# Audi TT Spares - Pulled Thread



## Jae (May 6, 2002)

All,

So that you know, Ive been speaking with Leigh for the last 2 months about becoming a sponsor on the site, and he had just agreed 2 weeks ago to go ahead.

Their recent email activity was undertaken in good faith (but not to the knowledge of the TTF), albeit not complying with Spam regulation now in place in the EU. When ever an email is sent to their info account, it traps a copy of the email so that future communication can be made. This was the list that was used, and to is legal, as they were in contact with each of the recipients with information about their products and services, in response to a previous enquiry. A total of 55 emails were sent out, 27 of which were returned undelivered. They did manage to convert 10 emails into sales, which is a good return on such an activity.

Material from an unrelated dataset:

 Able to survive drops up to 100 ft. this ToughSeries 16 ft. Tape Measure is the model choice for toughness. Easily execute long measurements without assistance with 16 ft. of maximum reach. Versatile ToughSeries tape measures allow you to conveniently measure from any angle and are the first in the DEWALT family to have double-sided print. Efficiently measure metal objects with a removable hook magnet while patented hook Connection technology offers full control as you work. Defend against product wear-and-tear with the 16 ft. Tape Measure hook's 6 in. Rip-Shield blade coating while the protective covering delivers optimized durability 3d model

What did they do wrong? In all e-marketing emails, the option has to be provided to unsubscribe from the mailing list, and also a description of where the email address was collected from. Because previous communication had been made by the email recipients, they had technically Opted In to receive communication from the company ONLY. This is not deemed as Spam, but because of the lack of Opt Out in the email, it does break rules. They are now aware of this.

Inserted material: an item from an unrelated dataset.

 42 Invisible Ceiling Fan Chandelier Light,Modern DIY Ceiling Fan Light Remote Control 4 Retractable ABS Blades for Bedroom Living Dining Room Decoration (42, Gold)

Now, some have complained that they never contacted Audi TT Spares. I request that anyone who has recieved this email, to forward it to me ASAP, as an attachment (not as a forwarded email) so that I can look at this in detail.

The resulting abuse that was received was not welcomed by the TTF, and nor by Audi TT Spares. I therefore request that ALL comments about the company stop, and that includes any PMs / emails that are being sent directly to them. It is defamitory and completely unnecessary, and will not be tolerated in any form. It can also result in legal action against both the individual and the TTF, which is not an option.

Audi TT Spares have a good following behind them here on the TTF, and as such provide a good service. So far Ive not heard a complaint from ANYONE about their service, which is both unique and beneficial to the TTF users. They did break some rules in the beginning, but have ceased this since being requested by me.

And before anyone attacks me for doing this because they were going to advertise, Im not. They DO have a good business, and are recommended on the TTF by its users. They have been subjected to personal attacks both on and off the forum, which is in breach of the rules.

Regards

Jae


----------



## CH_Peter (May 16, 2002)

Jae,

I have not driven a TT for a good couple of years, and by their own admission on their website, "Audi TT Spares was established in early 2005". I've had no reason to contact them, never contacted them and had never heard of them until the email arrived.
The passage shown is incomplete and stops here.